A turn to the right can even come from observations with a strand of objective truth and cutting insight: “Sure, the Duvaliers created a reign of terror, but Haiti was a much more prosperous, functional country under their watch.”
Issues of sovereignty and Third-World solidarity are also good motivators: “China is doing the right thing by pursuing their interests through alliances with resource-rich dictatorships. They’re honest about their goals, unlike the hypocritical Western countries who wring their hands about human rights even as they exclude up-and-coming countries from the established oil fields.” Or “The Amazon is Brazil’s to do with as it pleases. Europe and the US cut down their forests to develop their economies, so Brazil should be free to do the same.”
Whatever the cause of your flirtations with reactionary thinking, you are demonstrating an admirable capacity to go outside the box and challenge the progressive mores of your EAW colleagues.
Care must be taken, however, to nuance your stances so as to separate them from First-World-based talking heads like Paul “Sweatshops for Haiti” Collier or Bill “Hook African Farmers on Imported Fertilizer” Gates. These ideologues are ignorant of the realities on the ground, unlike you, and consequently paint with excessively broad brush strokes.
Your newfound conservatism should not take on tones of cultural or racial superiority, lest you be confused with a rigid-thinking new arrival, or worse yet, an Evangelical missionary. It must be clear that your cynicism is an evolution beyond the normal EAW’s natural liberal leanings, not merely an unconsidered initial state.
To help you along your ideological transition, it is useful to have an authentic local friend to provide moral support and credibility to your conservative ideas. Usually this friend will belong to an important family whose economic and political fortune has been made precisely by advancing the exploitative, oppressive agenda he is now helping you to understand.

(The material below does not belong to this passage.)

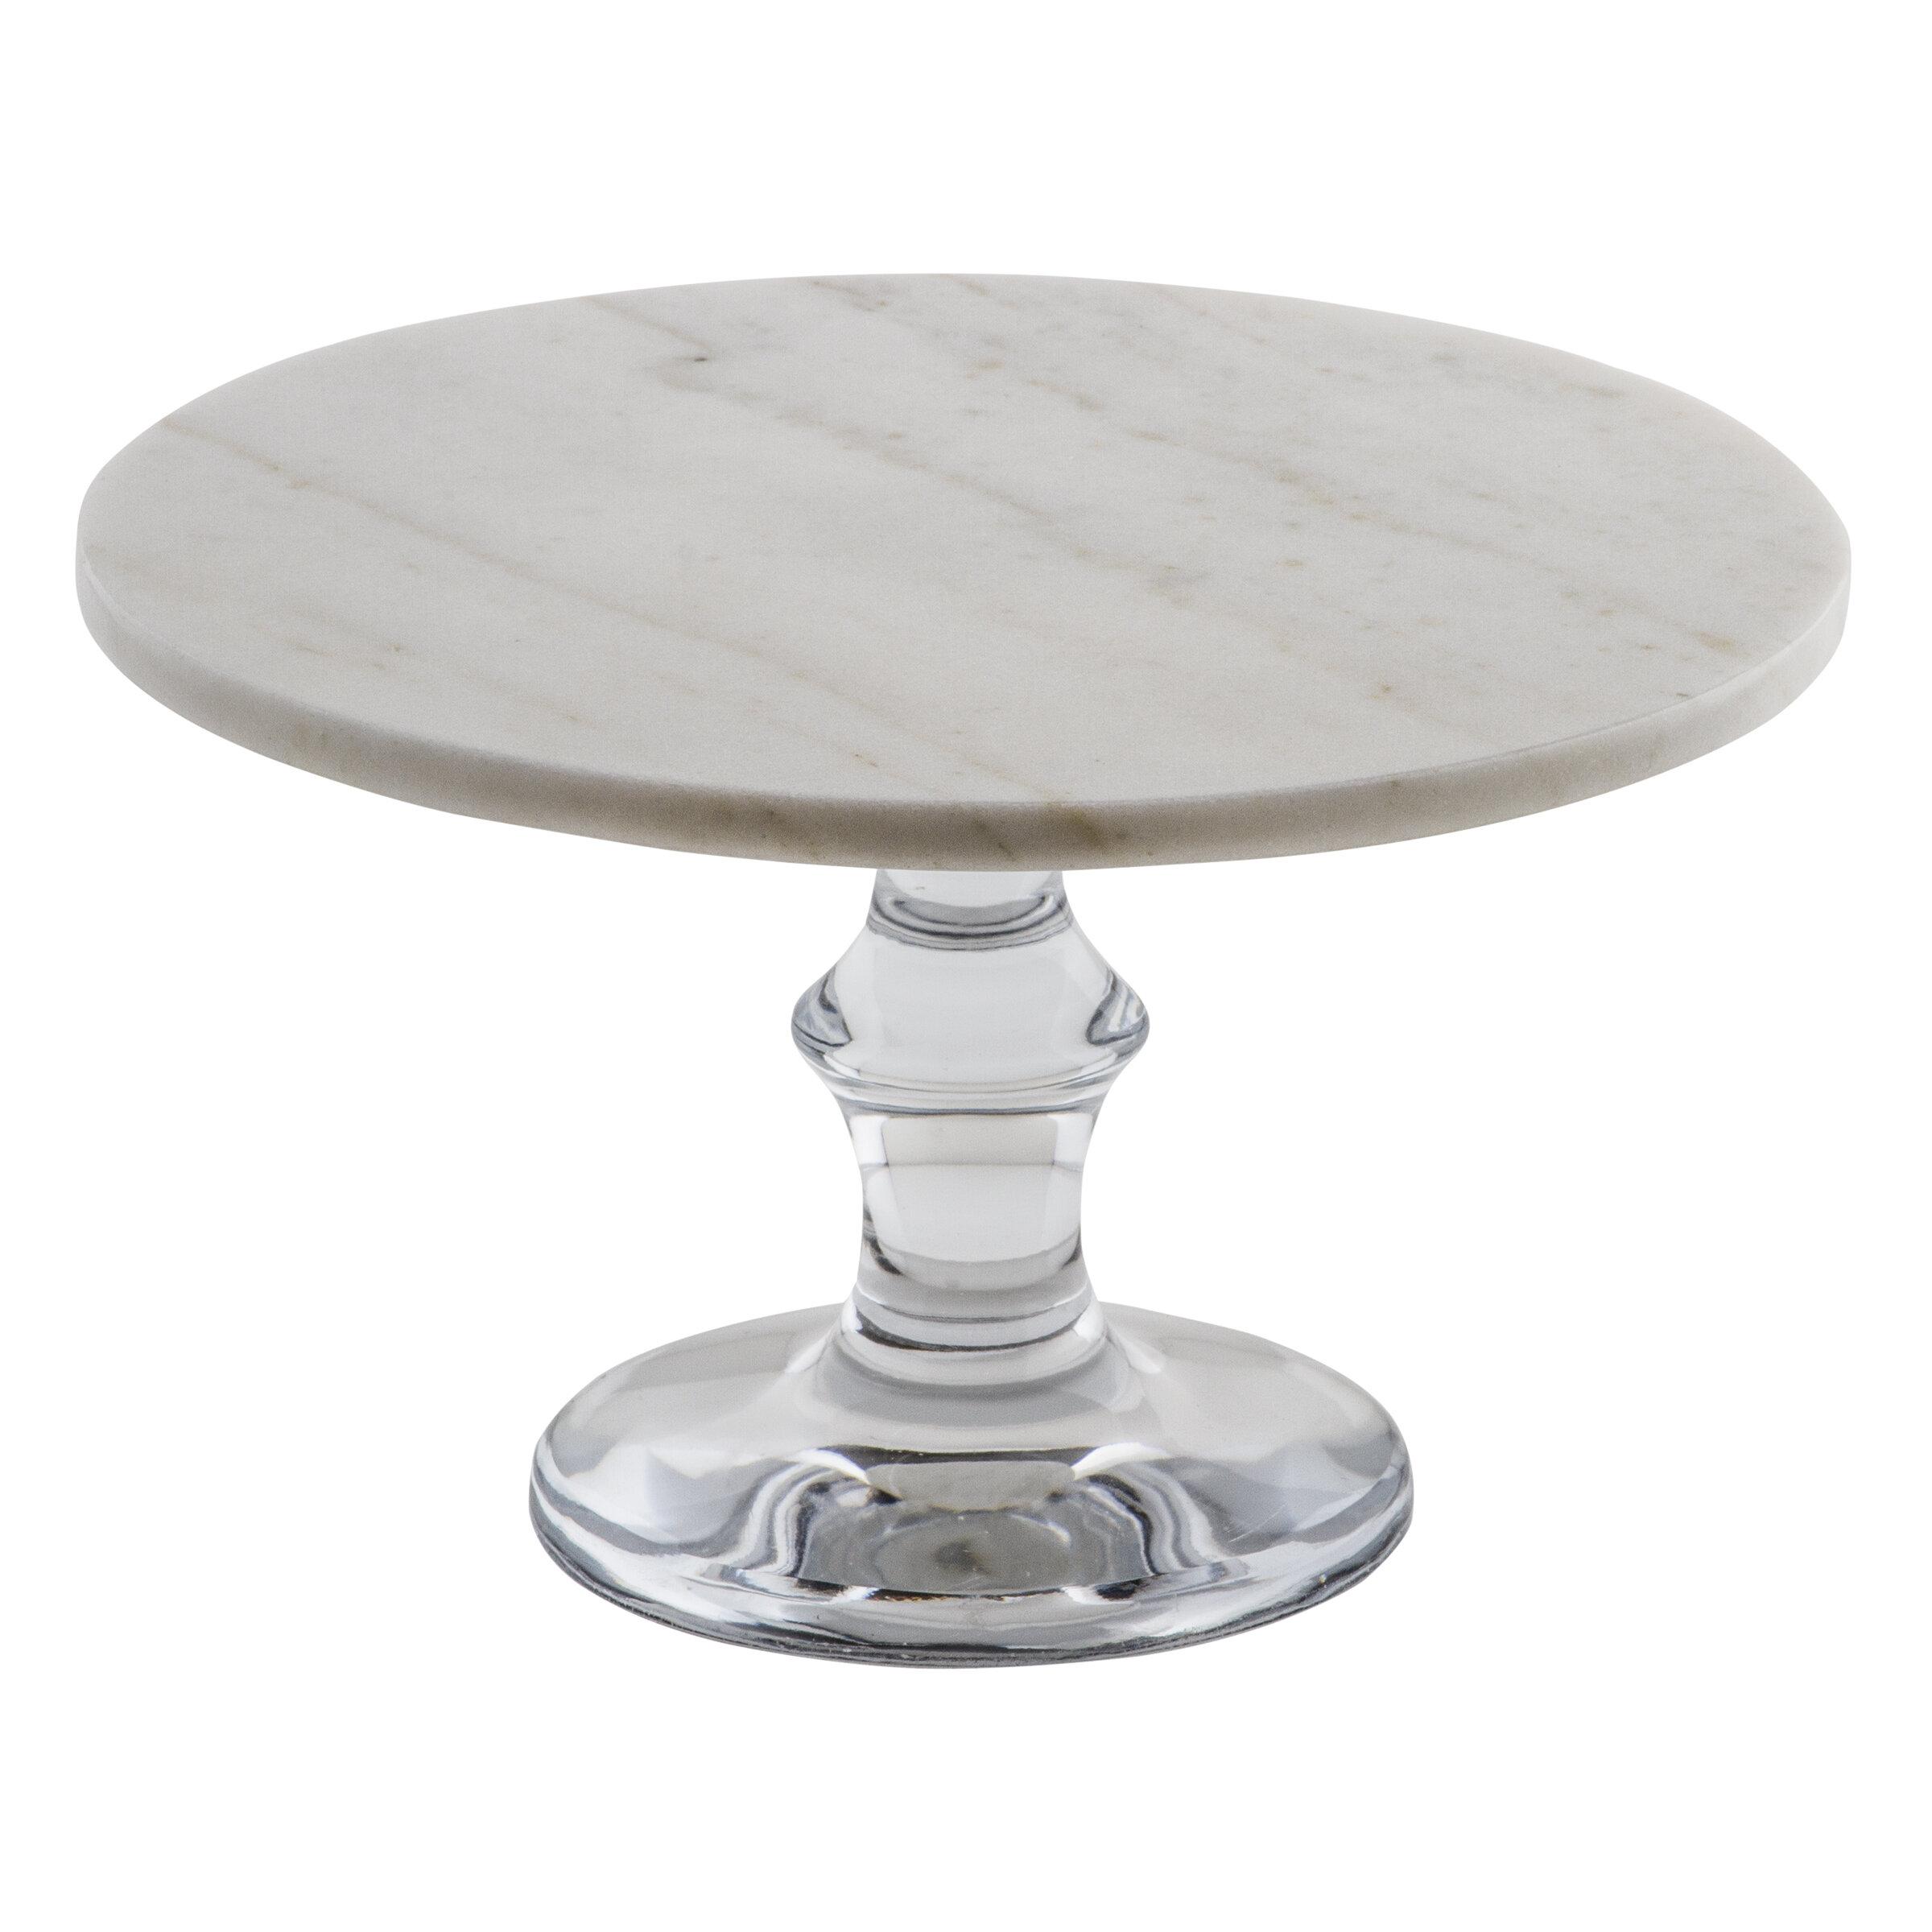 pedestal copy rimmed rosanna bon shop leo turquoise bella hue decor img small stand soft cake

Can I add to this list: being against the International Criminal Court as it’s just an idealised, Western institution which only makes things worse for local people – “sure, Al Bashir is an evil despot but he let NGOs work until the western bureacrats waded in”

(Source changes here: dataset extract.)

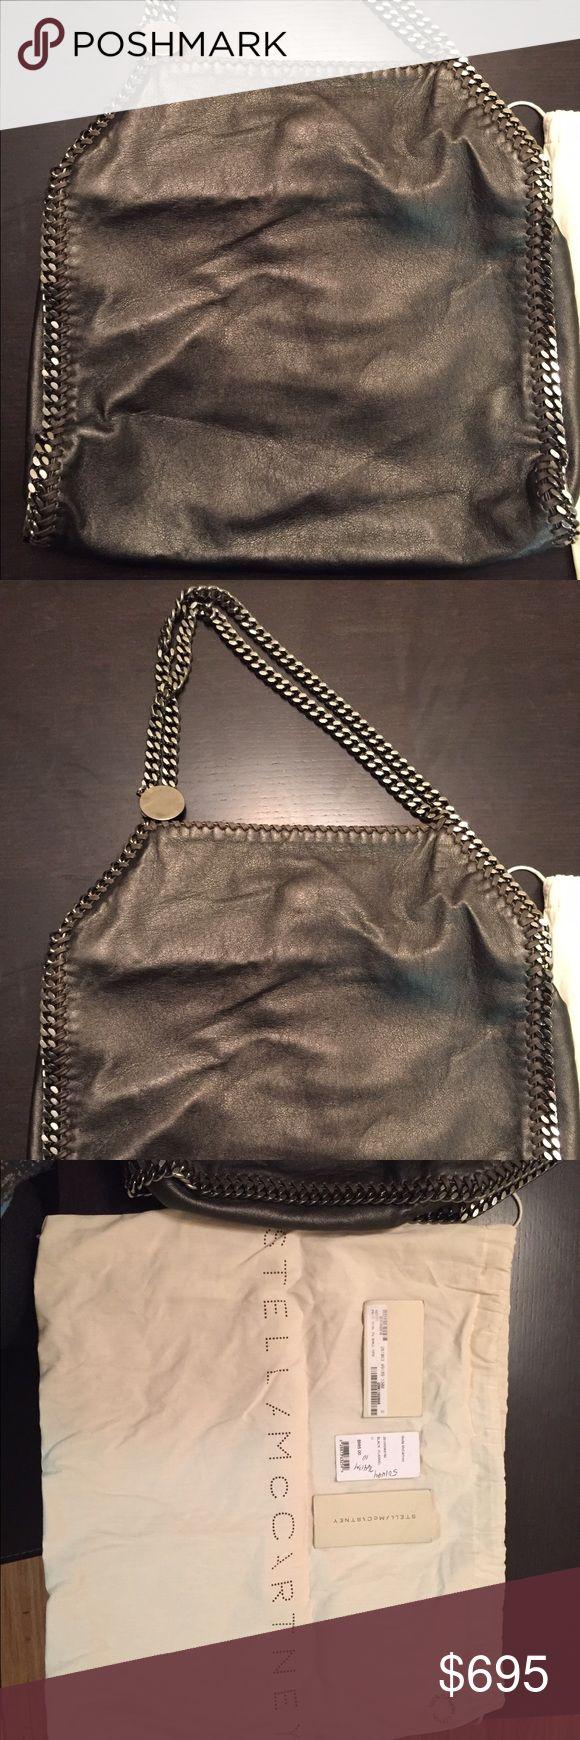 "Stella McCartney Falabella Shoulder Bag Great condition gun metal grey Shoulder Bag. 14"" tall and 14"" wide. Stella McCartney Bags Shoulder Bags"

Love this. It’s just perfect!
How is this right-leaning? E.g. cultural relativism can be seen throughout the spectrum of political right-to-leftness and using third-world solidarity as an argument is originally a left-wing concept.
(And to be clear: I am saying this as a lefty.)

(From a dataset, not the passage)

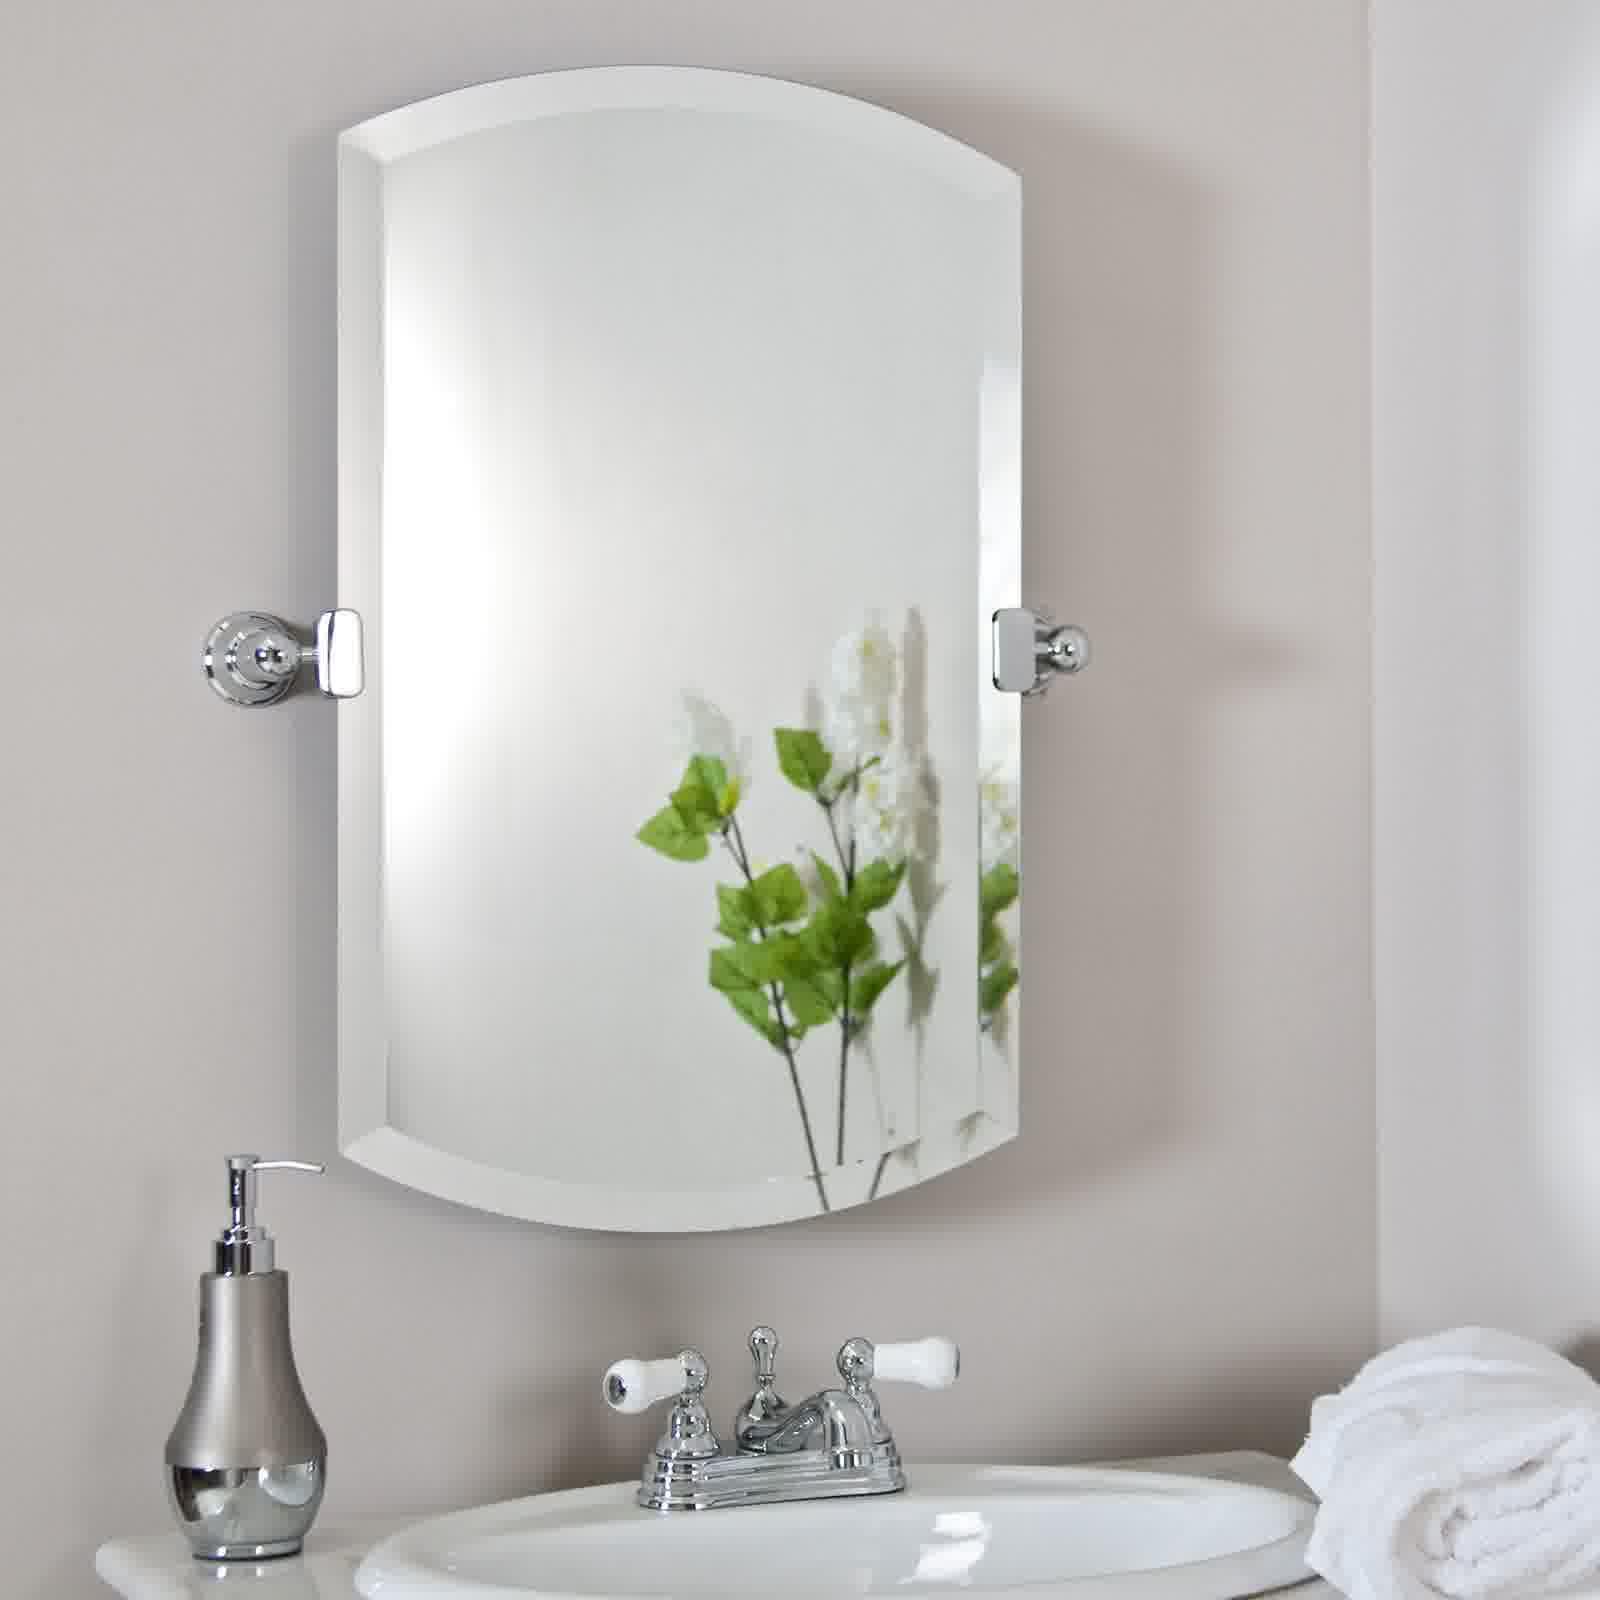 Elegant bathroom mirror

That’s why it’s so funny–cultural relativism and solidarity arising from progressive values can lead one to accept or even support reactionary values in other cultural contexts.
Best. Example. Ever. http://www.globaldashboard.org/2012/01/17/piracy-the-new-aid/
This is an excellent article…particularly as I found myself discussing (and agreeing) how “the International Criminal Court is just an idealised, Western institution which only makes things worse for local people” with some African colleagues the other day. Not to say this point of view is wrong, or right, but the article is a good wake-up call for me to keep thinking outside the box, both the EAW box and the pure local context box… Thanks.